Женя опустила глаза.
А может быть, Грушин прав? Может быть, Артуру ничего другого и нельзя было сказать?
«Я вам советую как можно скорее обратиться в милицию. Немедленно! Возможно, ваша трусость обернется гибелью для Аделаиды Павловны».
«Но они из меня котлету сделают!» – в отчаянии вскричал Артур.
«Не исключаю, что сделают, – неумолимо кивнул Грушин. – Если будет за что. Если Аделаида и в самом деле погибла и вас свяжут с ее смертью. Но если она еще жива и находится в руках похитителей, быстро найти и помочь способна только мощная организация. А не мы с Женькой. Мы в такой ситуации ничего не можем: ни дороги перекрыть, ни дно прочесать».

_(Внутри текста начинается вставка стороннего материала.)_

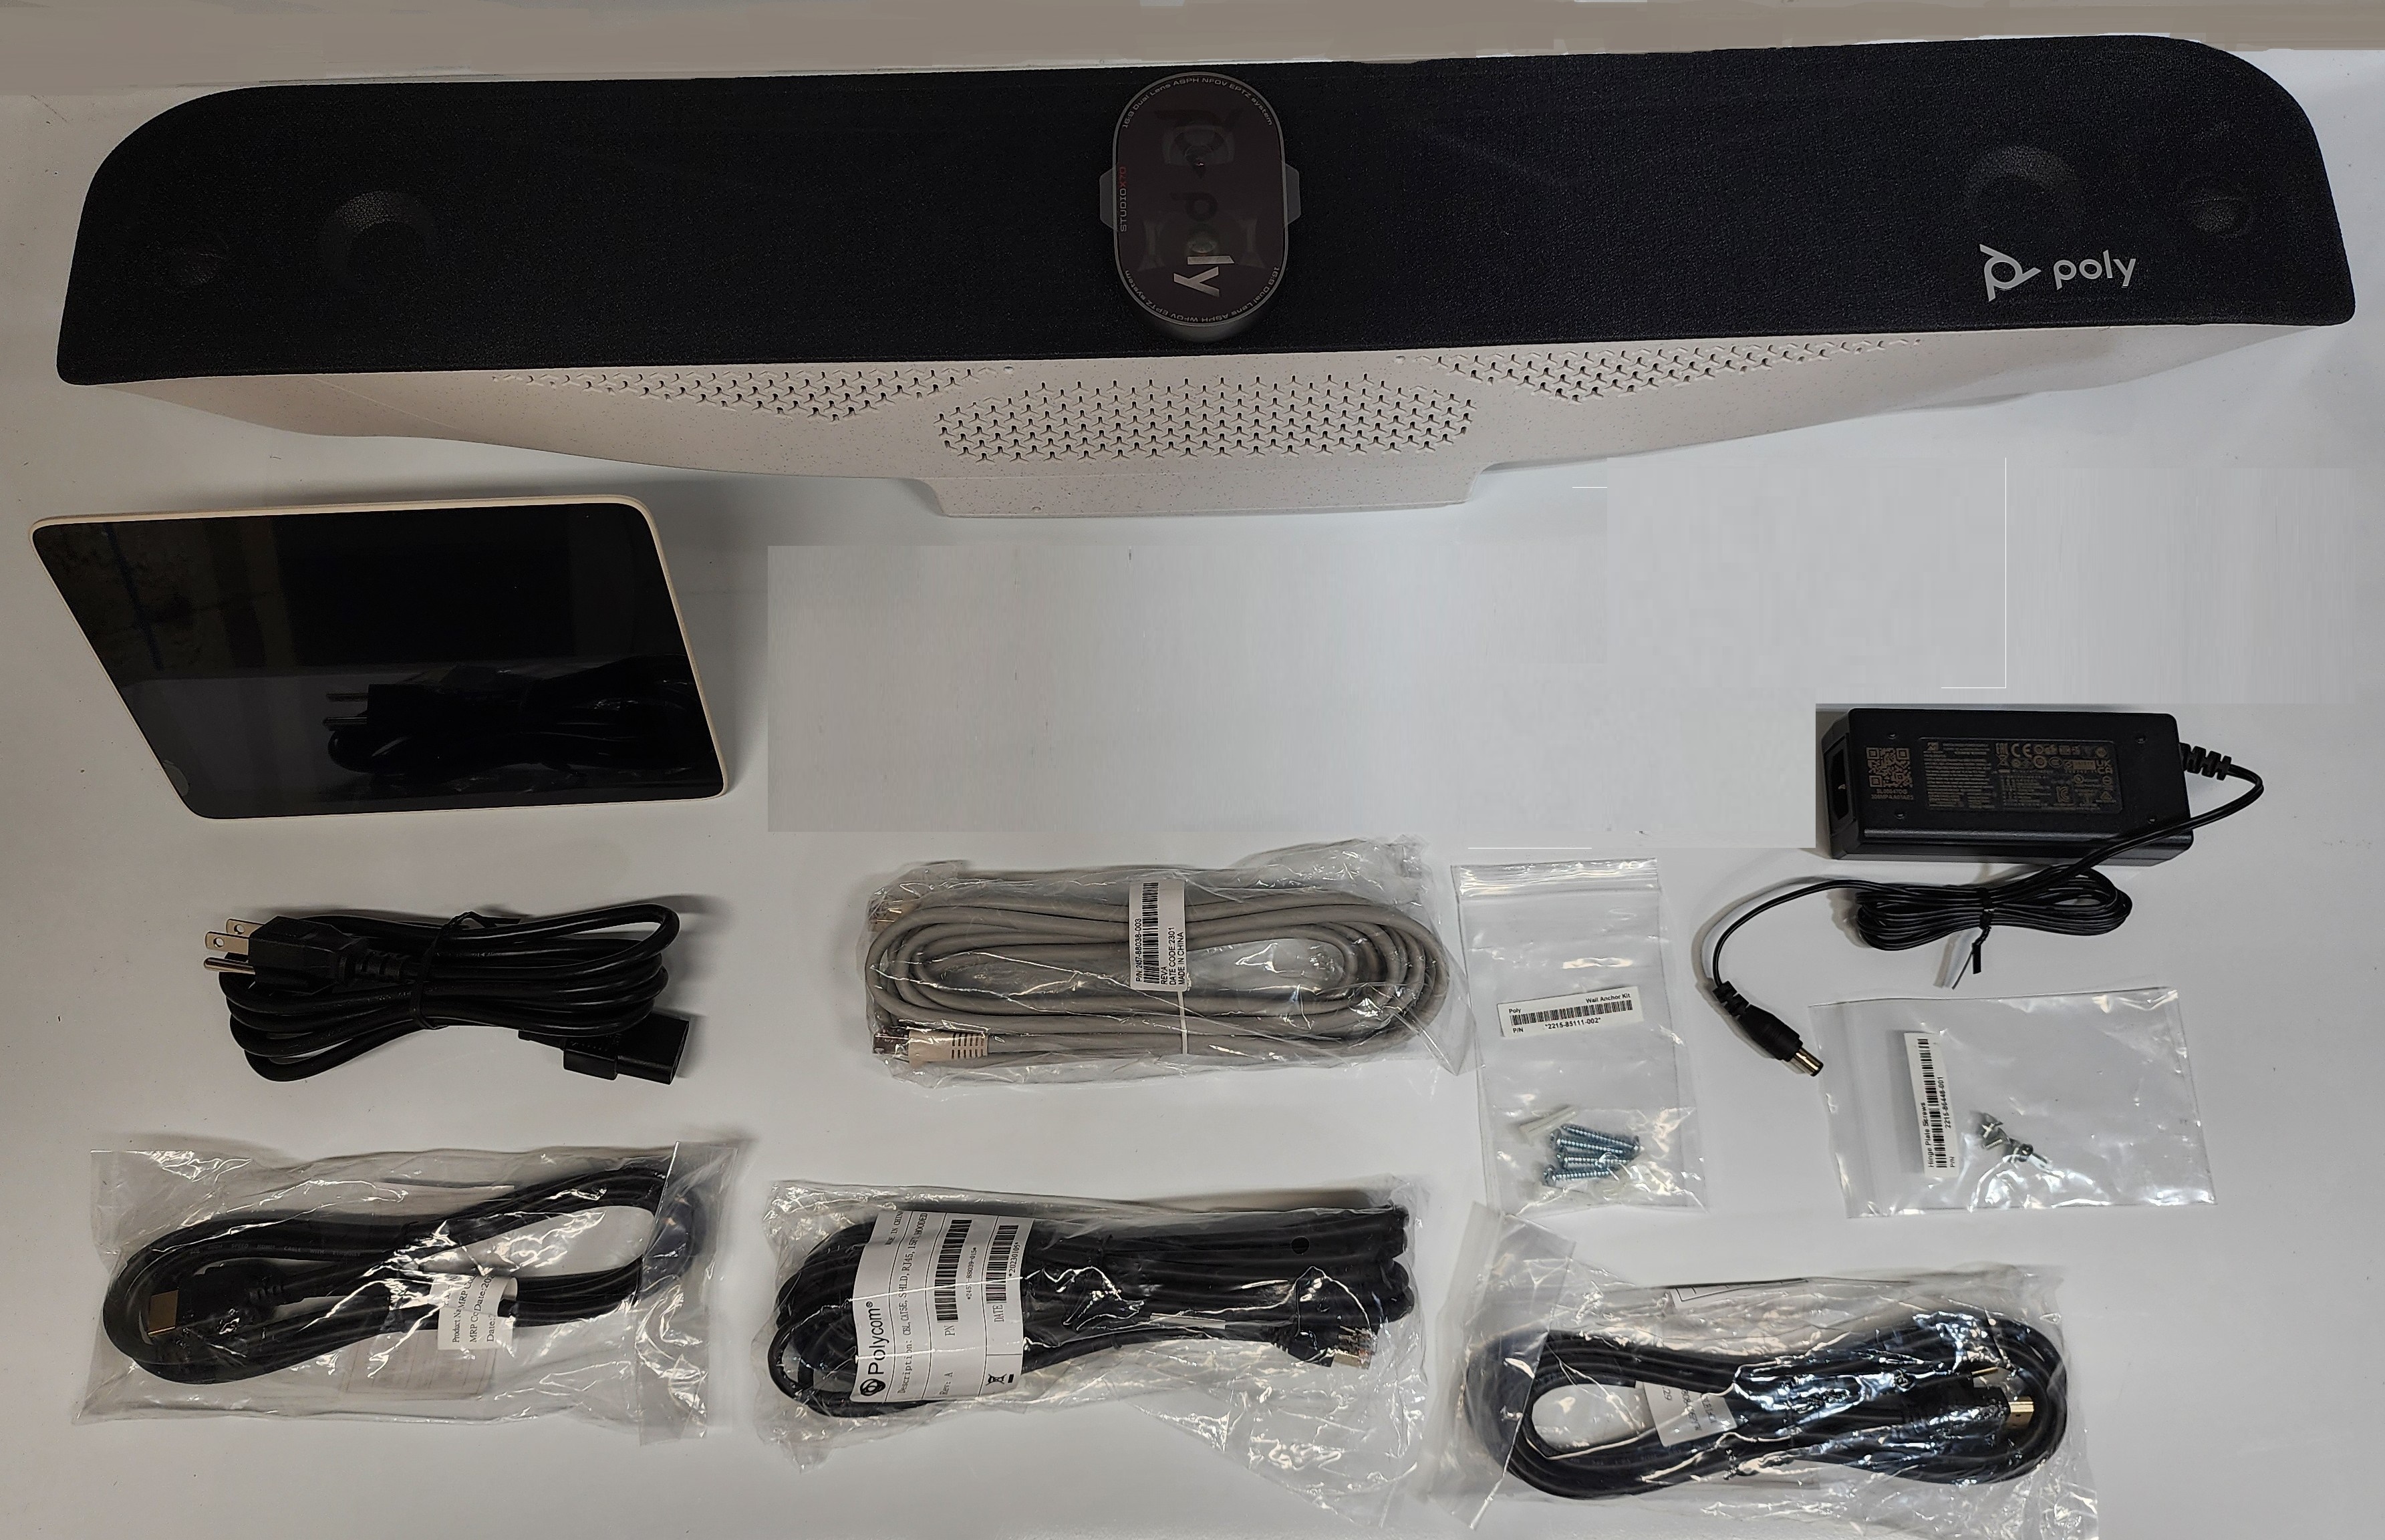 Polycom Poly Studio X70 + TC8 Video Bar Camera Large Rooms Conferencing System 7200-87300-001 (No Mounting Brackets)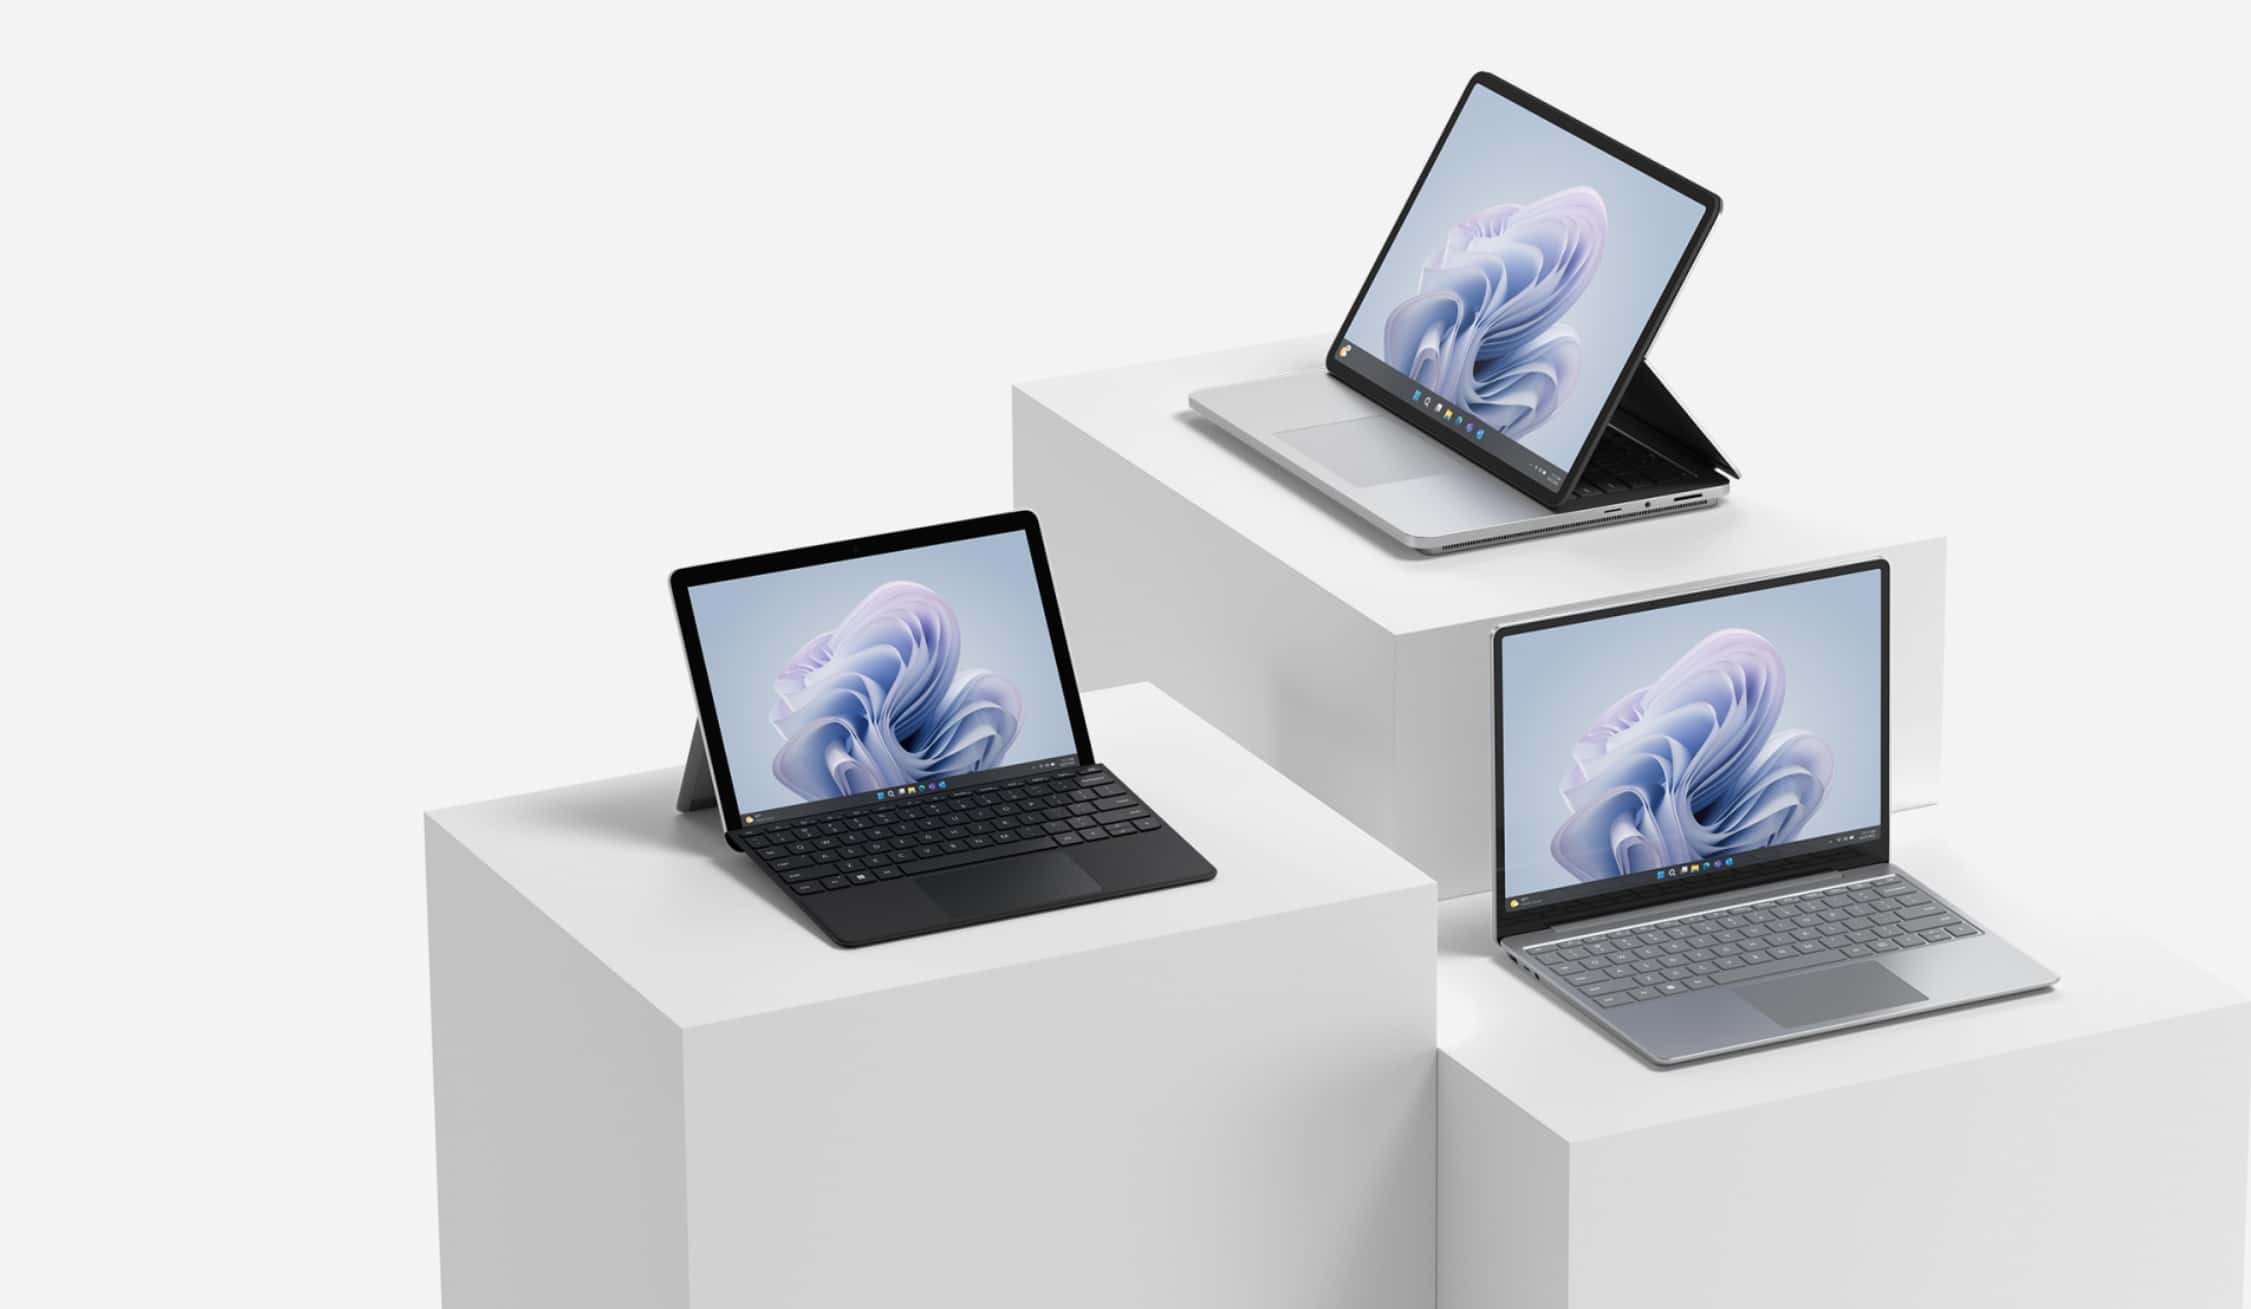 Microsoft promises to deliver six years of driver and firmware updates for Surface devices

«Дно? – побелел Артур. – Почему… почему это вдруг? Какое дно?!»
Женя бросила на Грушина мгновенный взгляд. Офелия… Значит, Грушин воспринял рассказ Аделаиды гораздо серьезнее, чем счел возможным показать?
«Все, что я могу для вас сделать, – сказал тот Артуру, похлопывая себя по карману, – это предъявить в органах, при надобности, аудиокассету, из которой явствует, что сегодня в десять утра вы явились в «Агату Кристи», чтобы… ну, назовем это: передать Женечке привет от Офелии».
С тем они и ушли, оставив Артура в столбняке посреди прихожей, с фотографией в руках.
Поспешно ушли. Как будто бежали с поля боя. А что, разве не так?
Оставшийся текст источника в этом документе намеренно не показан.